Geeks With Blogs
Josh Reuben

Overview

Developed by Facebook

HiveQL is a SQL-like framework for data warehousing on top of MapReduce over HDFS.

converts SQL query into a series of jobs for execution on a Hadoop cluster.

Organizes HDFS data into tables - attaching structure.

Schema on Read Versus Schema on Write - doesn’t verify the data when it is loaded, but rather when a query is issued.

full-table scans are the norm and a table update is achieved by transforming the data into a new table.

HDFS does not provide in-place file updates - changes from CUD ops are stored in small delta files - periodically merged into base table files by background MapReduce jobs

Hive indexes - speed up queries. 2 index types: compact and bitmap. Pluggable. Compact indexes store HDFS block numbers of each value, rather than each file offset. Bitmap indexes use compressed bitsets to efficiently store rows that a particular value appears in.

Metadata (eg table schema, views) - stored in metastore DB


An Example

create table with 3 typed columns: each row in data file is tab-delimited text.

CREATE TABLE tableX (age STRING, price INT, category INT)
ROW FORMAT DELIMITED FIELDS TERMINATED BY '\t';

populate Hive with the data.

LOAD DATA LOCAL INPATH 'path/to/blah.txt'
OVERWRITE INTO TABLE tableX;

OVERWRITE keyword in LOAD DATA statement - delete any existing files in the directory for the table, instead of appended

Now that data is in Hive, can run a query against it:

SELECT age, MAX(price) FROM tableX
WHERE price != 1000 AND category IN (0, 1, 4)
GROUP BY age;

The Hive Shell

launch Hive HiveQL shell:

% hive

hive>

Commands are terminated with a semicolon

SHOW TABLES;

noninteractive mode -f run a script

hive -f script.q

-e option - specify commands inline:

% echo 'X' > /tmp/blah.txt
% hive -e "CREATE TABLE blah (value STRING); \
  LOAD DATA LOCAL INPATH '/tmp/blah.txt' \
  OVERWRITE INTO TABLE blah"

suppress messages using -S option:

% hive -S -e 'SELECT * FROM blah'

run commands on the host OS - using a ! prefix to the command

access HDFS using the dfs command.

Hive DataTypes


Primitive: BOOLEAN TINYINT SMALLINT BIGINT FLOAT DOUBLE DECIMAL STRING VARCHAR CHAR BINARY TIMESTAMP DATE Complex ARRAY STRUCT MAP UNION

Complex - nesting. angled bracket notation:

CREATE TABLE complex (
     x1 ARRAY<INT>,
     x2 MAP<STRING, INT>,
     x3 STRUCT<j:STRING, k:INT, l:DOUBLE>,
     c4 UNIONTYPE<STRING, INT>

);

hive> SELECT x1[0], x2['b'], x3.j, x4 FROM complex;

Operators and Functions

retrieve a list of functions: SHOW FUNCTIONS.

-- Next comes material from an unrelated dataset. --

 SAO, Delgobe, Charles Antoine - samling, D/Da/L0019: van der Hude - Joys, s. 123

get brief usage instructions for a particular function - DESCRIBE FUNCTION <cmd>

Conversions - perform explicit type conversion using CAST.

Tables

Composed of stored data (typically HDFS, can be S3, local FS) + associated schema metadata (in Metastore RDBMS)

Multiple database/schema support - CREATE DATABASE dbname, USE dbname, DROP DATABASE dbname.

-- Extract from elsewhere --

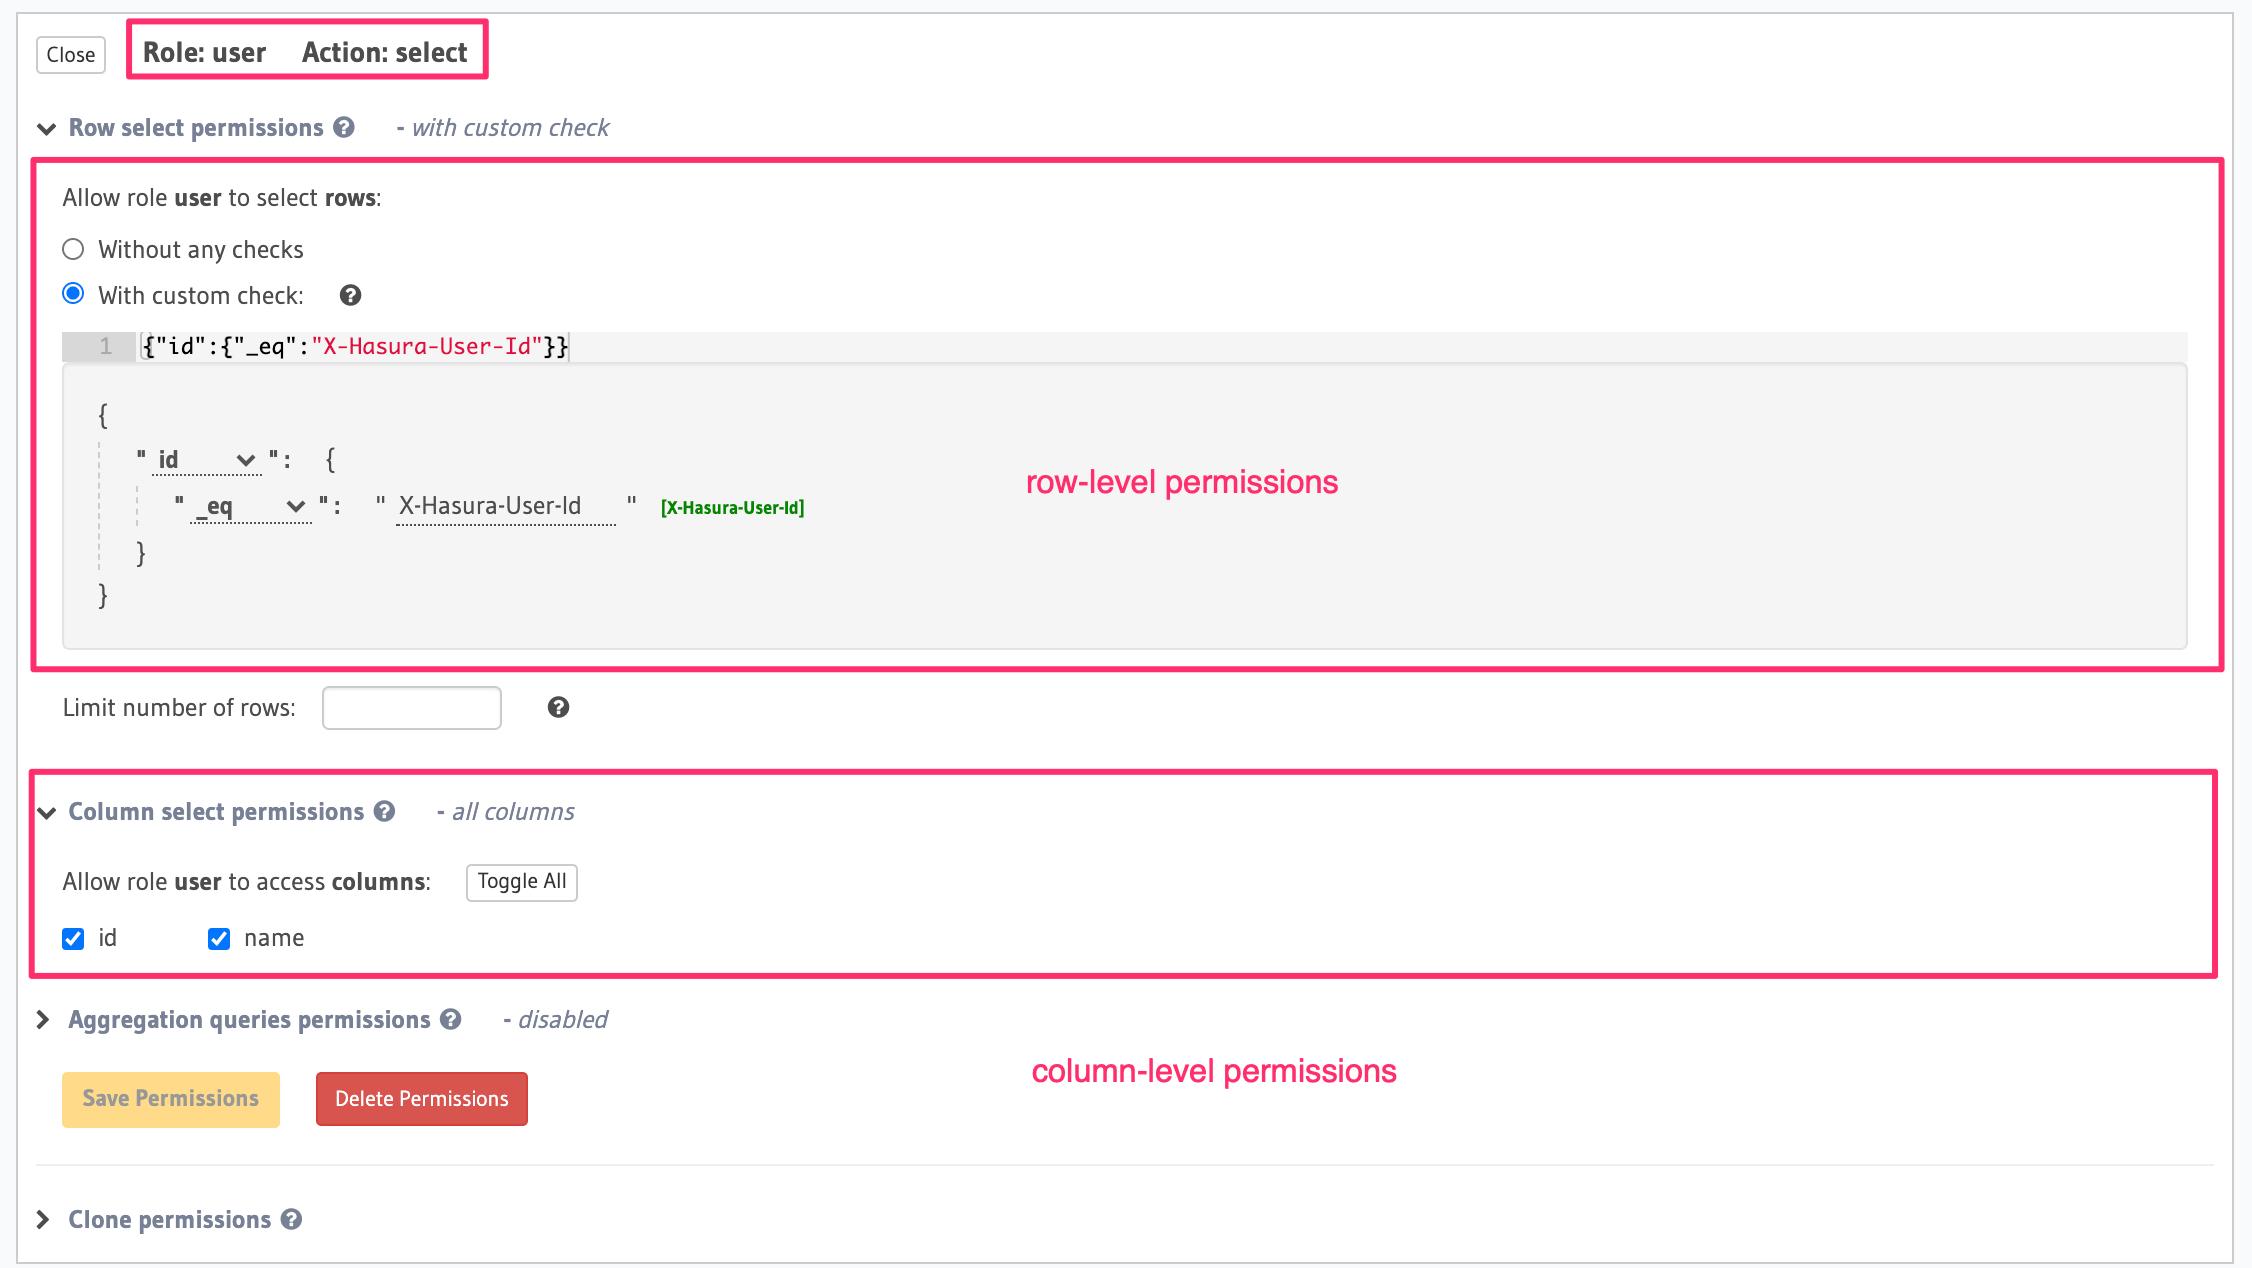 https://hasura.io/docs/1.0/_images/permission-basics-simple-example1.png

Creating Tables and Loading Data

CREATE TABLE tableX (blah STRING);
LOAD DATA INPATH '/user/joshr/data.txt' INTO TABLE tableX;

Tables are stored as directories under Hive’s warehouse directory: hive.metastore.warehouse.dir defaults to hdfs:///user/hive/warehouse.

loaded local files placed in warehouse directory. fs.defaultFS default is file:/// - local filesystem

load is very fast but does not validate schema mismatch – only checked at query time: query returns NULL for a missing field.

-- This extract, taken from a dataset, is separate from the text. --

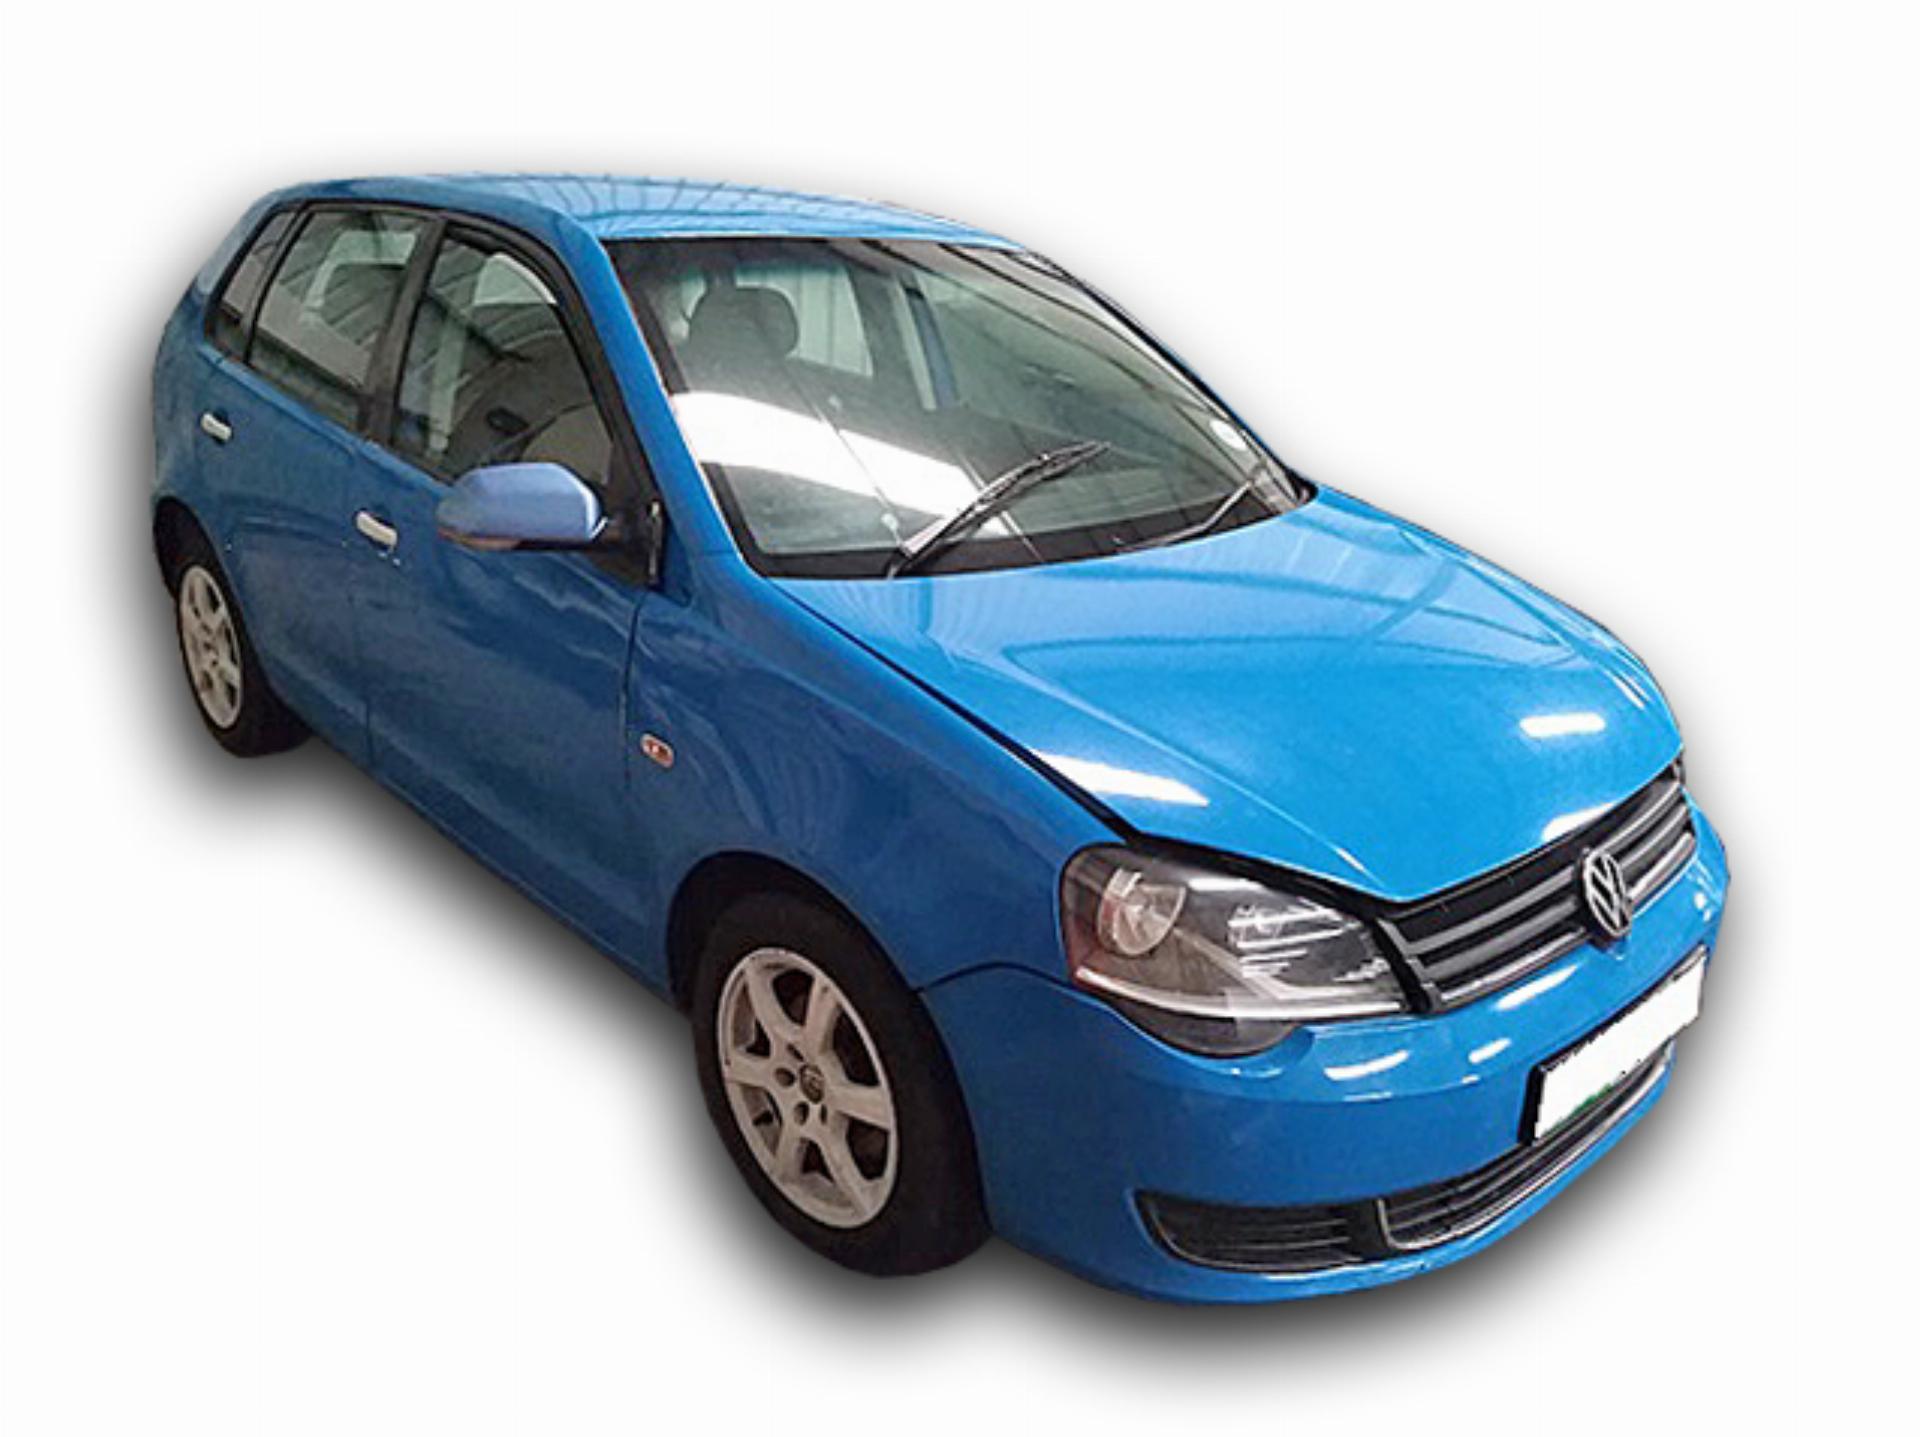 Volkswagen Citi Vivo 1.4

Alternative: external tables: outside warehouse directory:

CREATE EXTERNAL TABLE tableX (colX STRING)
LOCATION '/user/joshr/tableX';
LOAD DATA INPATH '/user/joshr/data.txt' INTO TABLE tableX;

can create the data lazily after creating the table. DROP only deletes metadata.

LOAD DATA - import data into a Hive table (or partition) by copying or moving files to the table’s directory.

populate a table with data from another Hive table using INSERT or at creation time using CREATE TABLE...AS SELECT.

to import data from a relational database directly into Hive, use Sqoop

Altering Tables

Hive flexible schema-on-read approach in permitting a table’s definition to change after the table has been created.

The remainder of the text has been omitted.